We can't use any kind of strain gauge force sensor to measure the weight, although I wish we could. That would make things so much easier.

Click to expand...

can I ask why load cells are not acceptable? We used these hockey pucks all the time when I was in the chemical industry.
we'd just shim surrounding equipment to the new height if there were alignment issues (cut out the concrete and drop the load cell slightly below floor surface.

now I would add an esp8266 and send the weight by WiFi. (If it was not safety critical)

otherwise, you could consider measuring the guzintas and gozattas to keep a running tally of the inventory.

use the airspace as an acoustic feedback element in an oscillator. use a speaker at the end of a tube, and a microphone at the end of another tube (you want the speaker and microphone isolated from each other but want to couple each to the airspace inside the container), and the air volume inside the container becomes the feedback element. as the air volume changes, the "oscillator" frequency changes. electrically the microphone feeds the amplifier the speaker is connected to.

Beau Schwabe said:

A "ping" style ultrasonic distance sensor will not work in this case as you would just get an immediate reflection off of the back wall.

Click to expand...

a 45° baffle works well as a reflector with ultrasonic sensors - assuming you have room for a baffle.

Beau Schwabe said:

Our goal is to determine the number of containers that are inside the cavity. or at least a rough estimate.

Click to expand...

Going to yet again show my stupidity.

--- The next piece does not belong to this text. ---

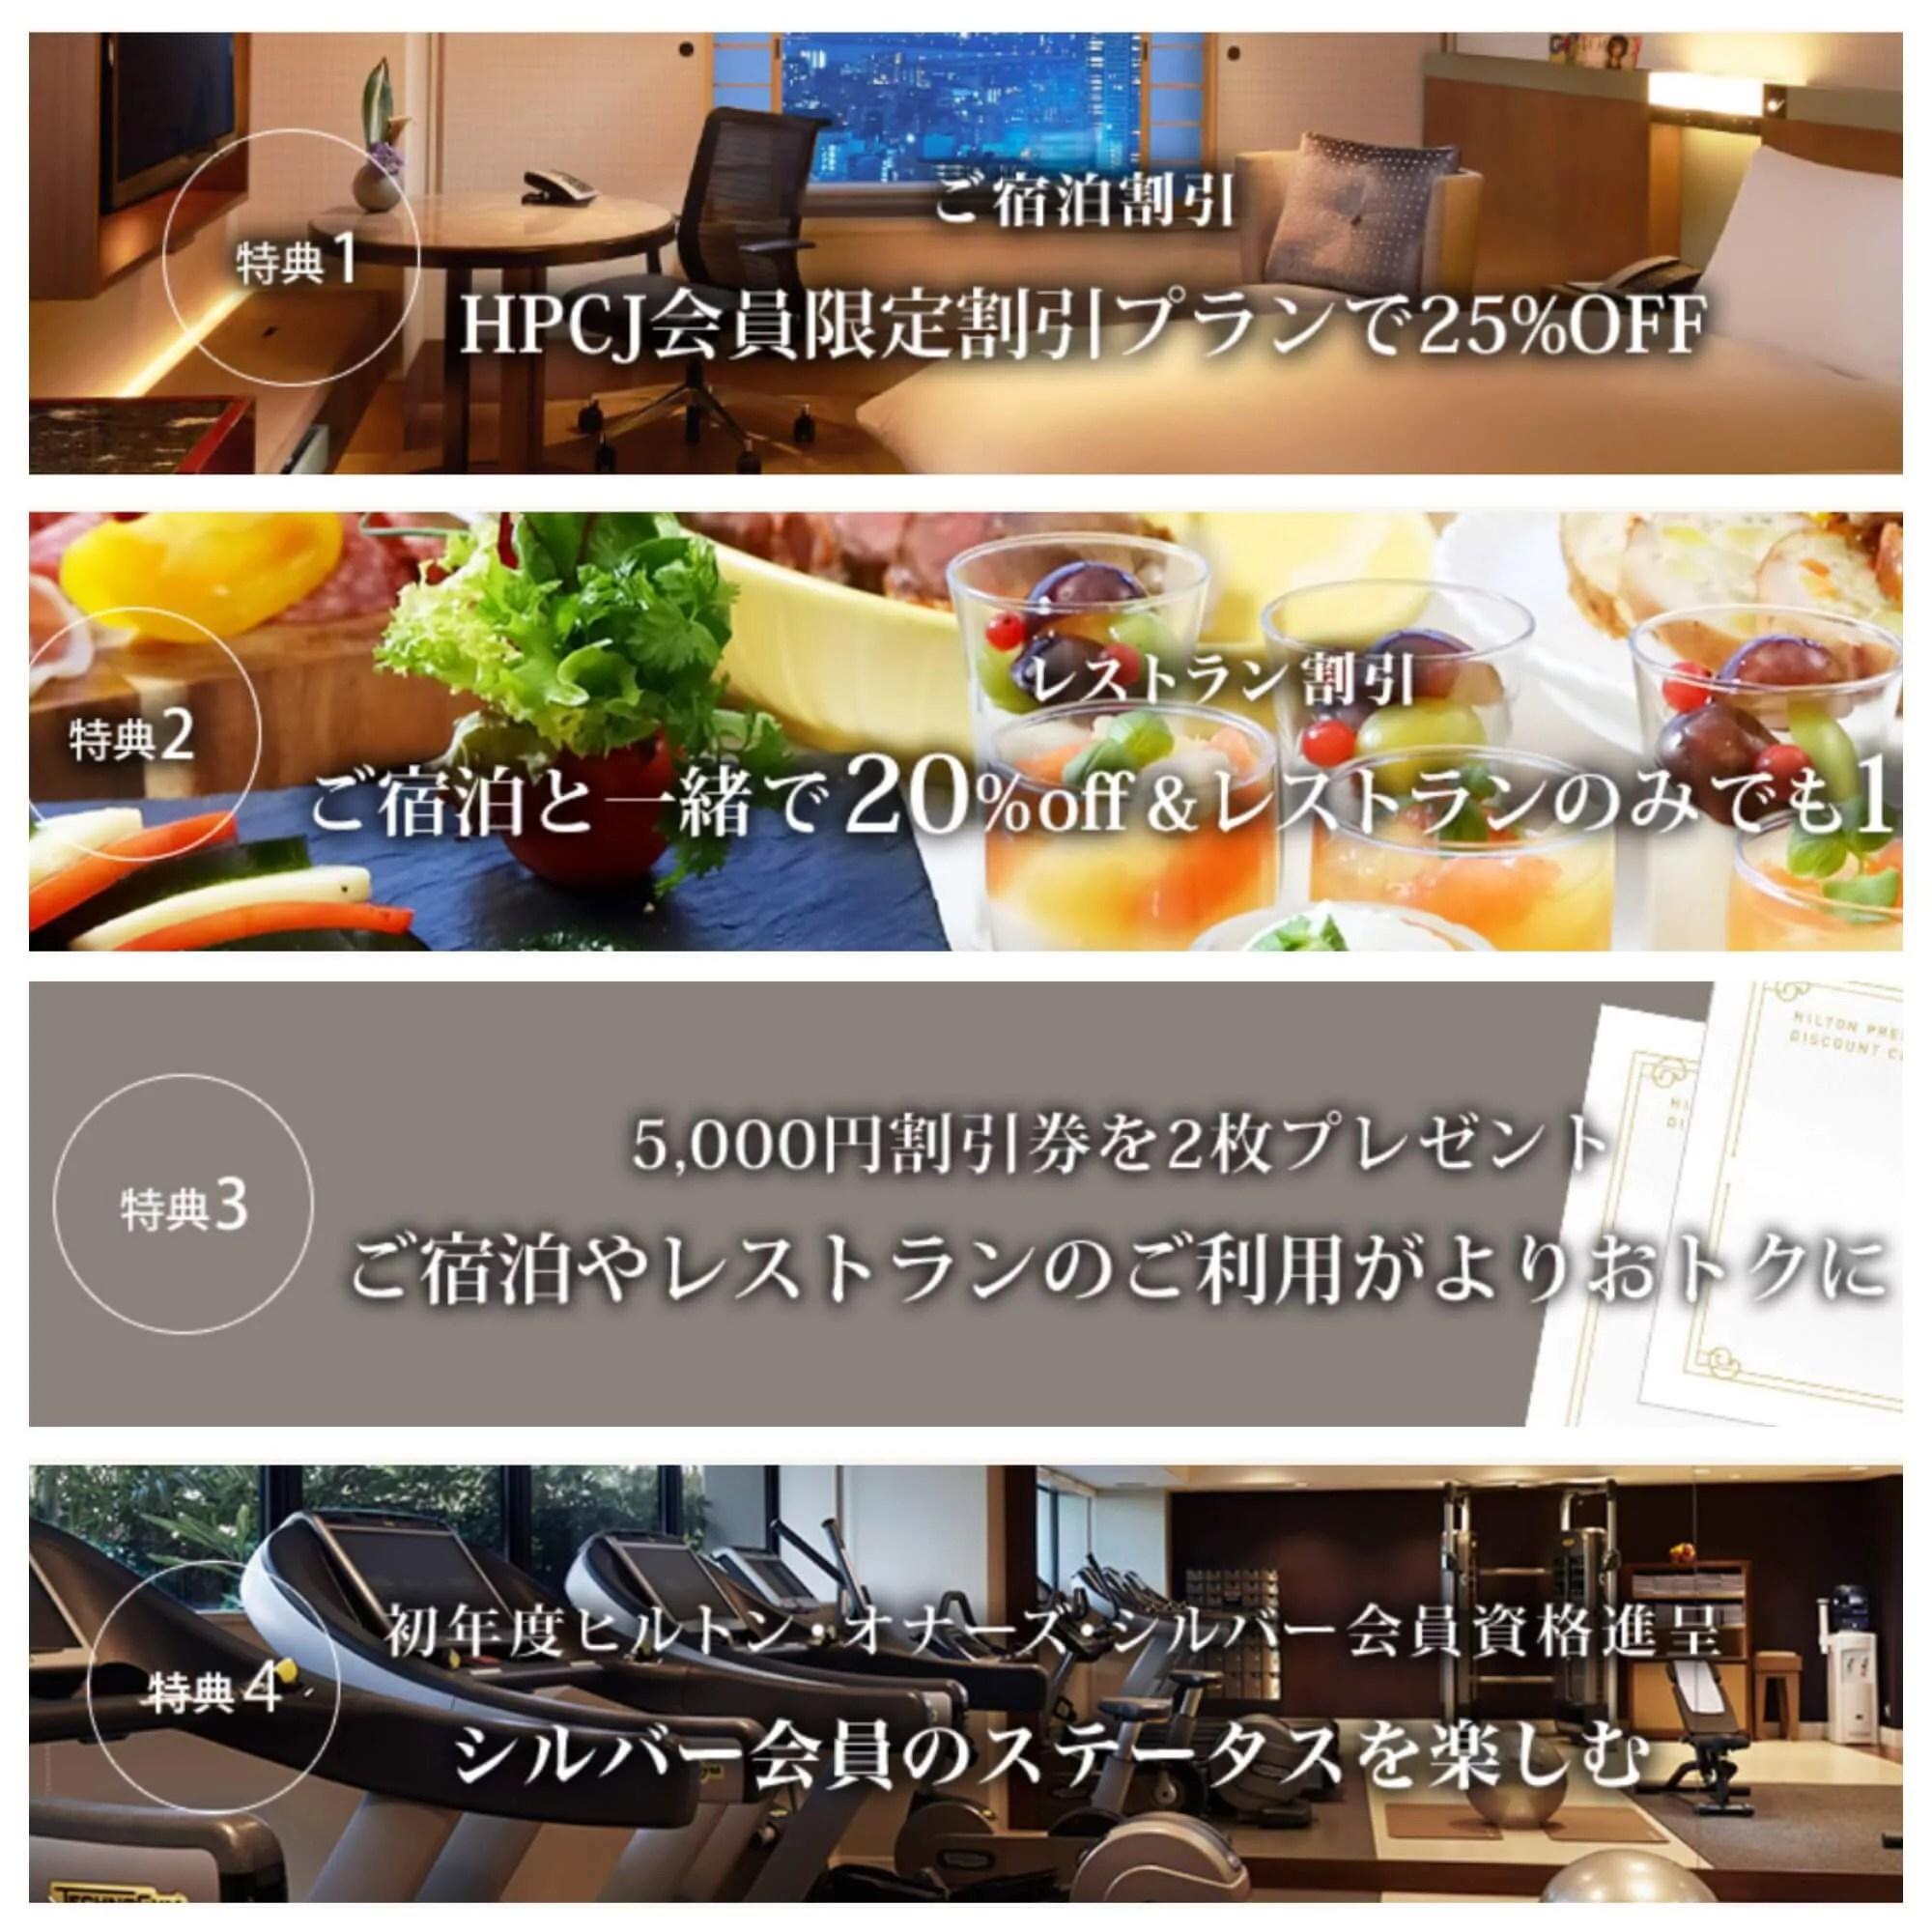 ヒルトンプレミアムクラブジャパン(HPCJ)特典一覧とお得な入会方法
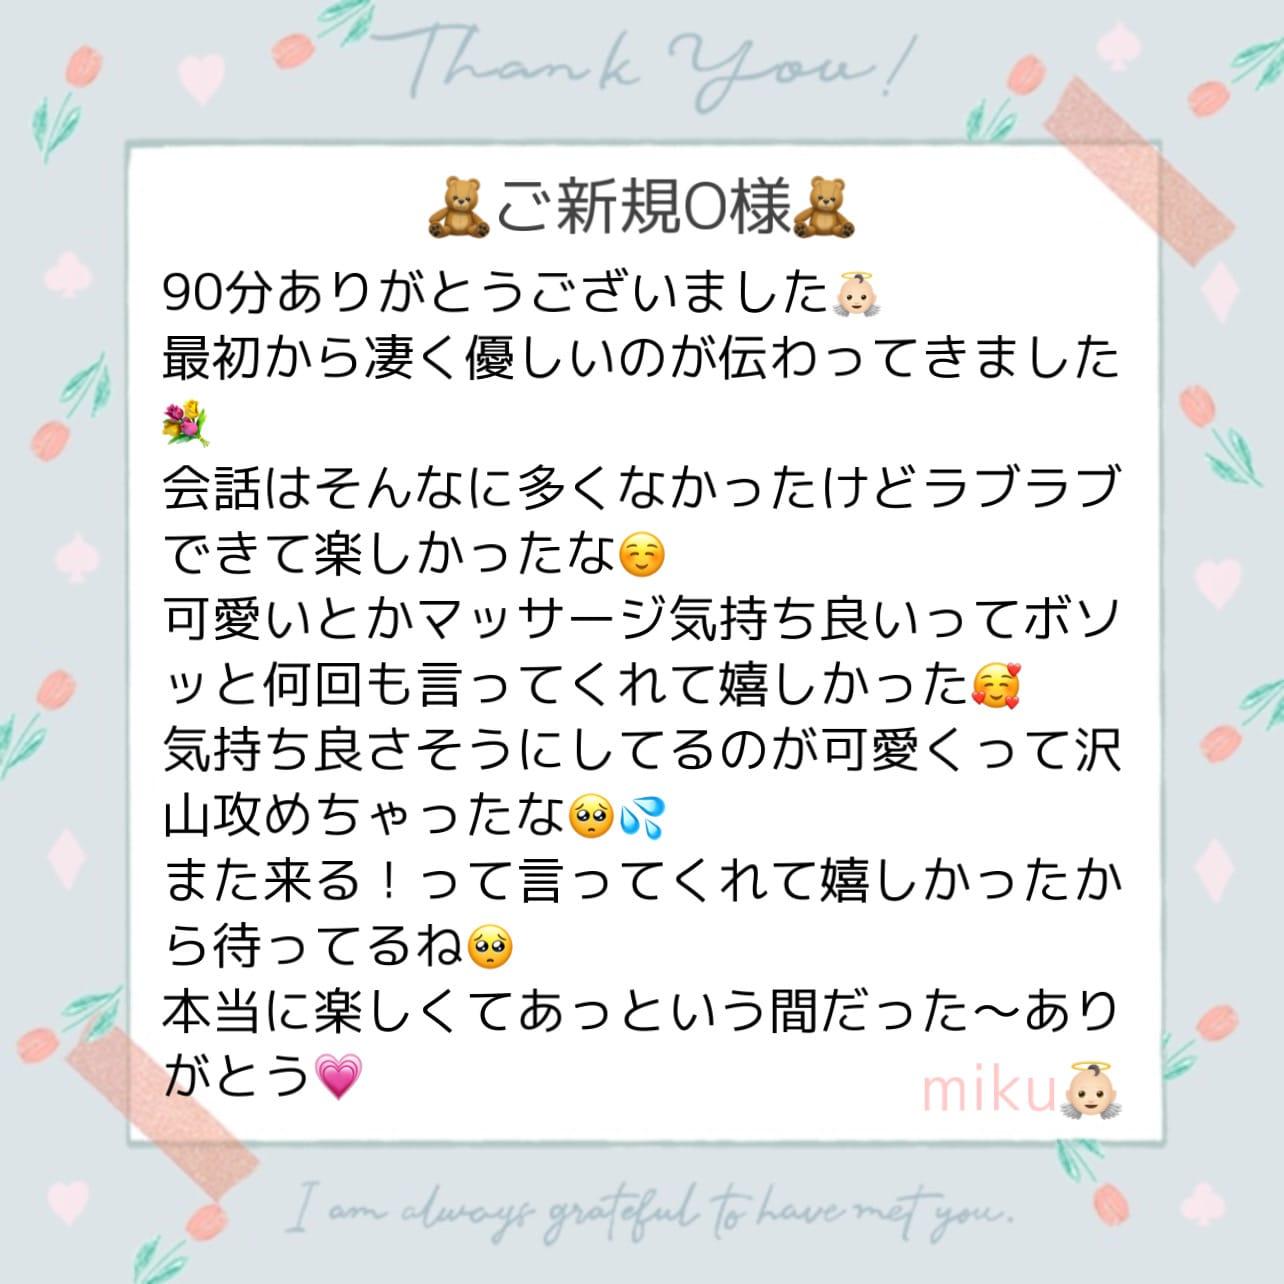 「ご新規O様❤︎」07/19(月) 13:32 | みくの写メ日記

How does a company load a container not knowing how many things are in it? Any where I worked they had a "bill of lading" for a shipment of anything. How do you charge the people you're selling the containers contents to? You should know the cubic size of the items being packed, and the cubic size of the container. This seems to be a no brainer if the shipping department is doing their job.

shortbus= said:

Going to yet again show my stupidity. How does a company load a container not knowing how many things are in it? Any where I worked they had a "bill of lading" for a shipment of anything. How do you charge the people you're selling the containers contents to? You should know the cubic size of the items being packed, and the cubic size of the container. This seems to be a no brainer if the shipping department is doing their job.

Click to expand...

the only thing I can think of is blocks of dry ice - they disappear whether you use them or not an then people get "angie" if the bin is empty. But, most everything else that might be in that box should be possible to measure the ins and outs to get a net.

gophert said:

can I ask why load cells are not acceptable?

Click to expand...

The use of load cells infringe on a patent for this project. It's stupid, more things are crippled from moving forward because of stuff like this, when you could simply apply fundamentals to get the job done and be done with it.

shortbus= said:

Going to yet again show my stupidity. How does a company load a container not knowing how many things are in it? ..... This seems to be a no brainer if the shipping department is doing their job.

Click to expand...

The measurement is to prevent theft, and has nothing to do with what the shipping department is able to account for during proper loading/unloading

gophert said:

the only thing I can think of is blocks of dry ice - they disappear whether you use them or not ...

Click to expand...

Very close ... and will work for any continued analogy or reference.

Beau Schwabe said:

The measurement is to prevent theft, and has nothing to do with what the shipping department is able to account for during proper loading/unloading

Click to expand...

That is what the seal is for on a shipping container or even a over the road truck. If the seal is removed you know it has been opened. And for me it would only take one time and the carrier would not be used again.

How does the measurement it's self prevent theft?

shortbus= said:

How does the measurement it's self prevent theft?

Click to expand...

This is a kiosk the customer will interact with. It basicilly is to keep honest people honest and "minimize" theft. (nothing is 100%). The kiosk is in constant communication with a dedicated monitoring service.